EX-5.1 3 tm2515034d2_ex5-1.htm EXHIBIT 5.1

Exhibit 5.1

 

 

 

May 15, 2025 

 

Interlink Electronics, Inc.
48389 Fremont Boulevard, Suite 110
Fremont, California 94538

 

Ladies and Gentlemen:

 

We have acted as counsel to Interlink Electronics, Inc., a Nevada corporation (the “Company”) in connection with the offering by the Company of shares of the Company’s common stock, par value $0.001 per share, with an aggregate offering price of up to $6,000,000 (the “Shares”), pursuant to (i) a Registration Statement on Form S-3 (File No. 333-283879) (the “Registration Statement”), filed with the Securities and Exchange Commission (the “Commission”) under the Securities Act of 1933, as amended (the “Securities Act”), (ii) the prospectus included within the Registration Statement (the “Base Prospectus”), and (iii) the prospectus supplement dated May 15, 2025, filed with the Commission pursuant to Rule 424(b) of the Rules and Regulations of the Securities Act (together with the Base Prospectus, the “Prospectus”).

 

The Shares are to be sold by the Company as described in the Prospectus and in accordance with the At-The-Market Issuance Sales Agreement, dated May 15, 2025, between the Company and Lake Street Capital Markets, LLC (the “Sales Agreement”).

 

In connection with this opinion, we have examined and relied upon (a) the Registration Statements and the Prospectus, (b) the Company’s Articles of Incorporation and By-laws, each as amended and currently in effect, (c) the Sales Agreement, and (d) the originals, or copies certified to our satisfaction, of such records, documents, certificates, opinions, memoranda and other instruments as in our judgment are necessary or appropriate to enable us to render the opinion expressed below.
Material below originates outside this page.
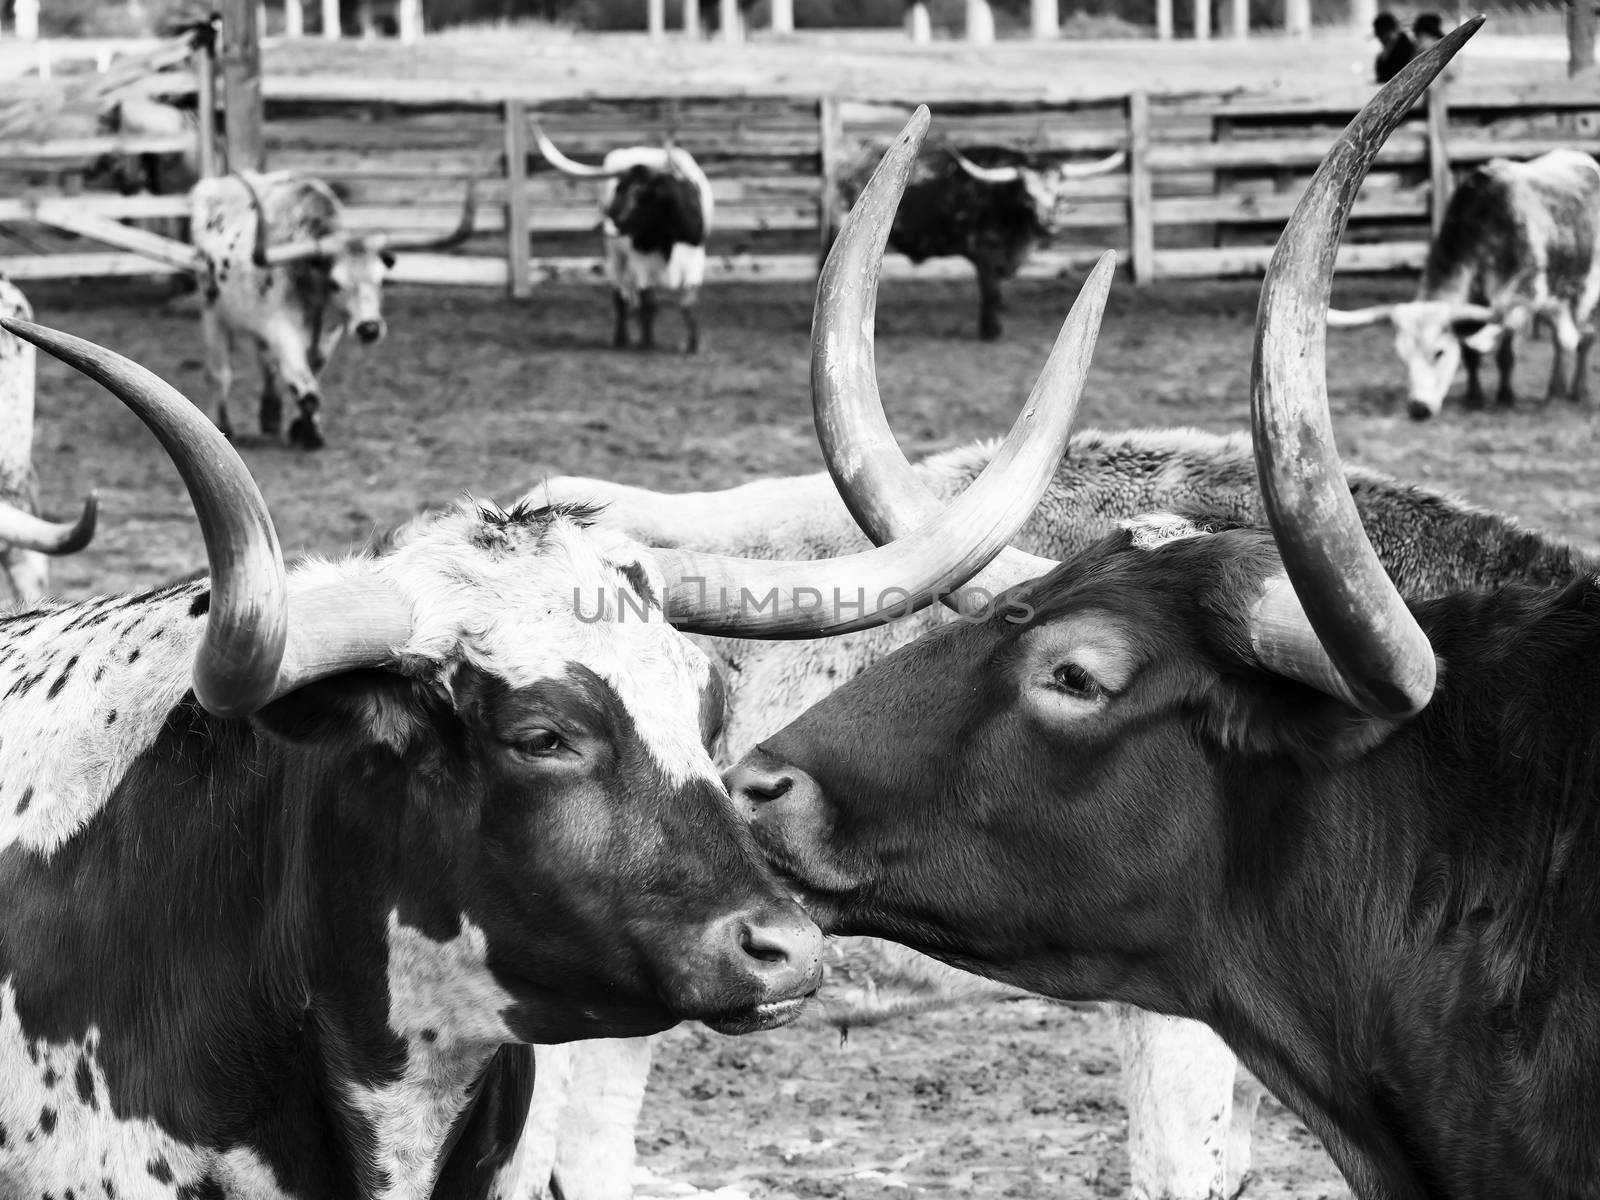 Long Horns kissing each other, Texas

As to certain factual matters, we have relied upon certificates of the officers of the Company and have not independently sought to verify such matters.

 

In rendering this opinion, we have assumed the genuineness and authenticity of all signatures on original documents; the authenticity of all documents submitted to us as originals; the conformity to originals of all documents submitted to us as copies; the accuracy, completeness and authenticity of certificates of public officials; and the due authorization, execution and delivery of all documents where authorization, execution and delivery are prerequisites to the effectiveness of such documents.

 

We have assumed (i) that the specific sale of Shares will be duly authorized by the Board of Directors of the Company in accordance with Chapter 78 of the Nevada Revised Statutes (the “NRS”) and (ii) that no more than 6,000,000 Shares will be sold.

 

Our opinion herein is expressed solely with respect to the federal laws of the United States and the NRS. Our opinion is based on these laws as in effect on the date hereof. We express no opinion as to whether the laws of any jurisdiction are applicable to the subject matter hereof. We are not rendering any opinion as to compliance with any federal or state law, rule or regulation relating to securities, or to the sale or issuance thereof.

 

15260 Ventura Boulevard, 20th Floor * Sherman Oaks, California 91403
office > 818.444.4500 * fax > 818.444.4520
1453 3rd Street Promenade, Suite 300 * Santa Monica, California 90401
office > 310.746.9800 * fax > 310.395.5292

 

 

 


Interlink Electronics, Inc.
May 15, 2025
Page 2

 

On the basis of the foregoing and in reliance thereon, and subject to the qualifications herein stated, we are of the opinion that the Shares have been duly authorized for issuance and, when issued and paid for in accordance with the terms and conditions of the Sales Agreement, the Shares will be validly issued, fully paid and nonassessable.

 

It is understood that this opinion is to be used only in connection with the offer and sale of the Shares while the Registration Statement is in effect and may not be used, quoted or relied upon for any other purpose nor may this opinion be furnished to, quoted to or relied upon by any other person or entity, for any purpose, without our prior written consent.

 

We hereby consent to the filing of this opinion in accordance with the requirements of Item 601(b)(5) of Regulation S-K under the Securities Act with the Commission as an exhibit to the Current Report on Form 8-K to be filed by the Company in connection with the issue and sale of the Shares and to the use of our name in the Prospectus under the caption “Legal Matters.”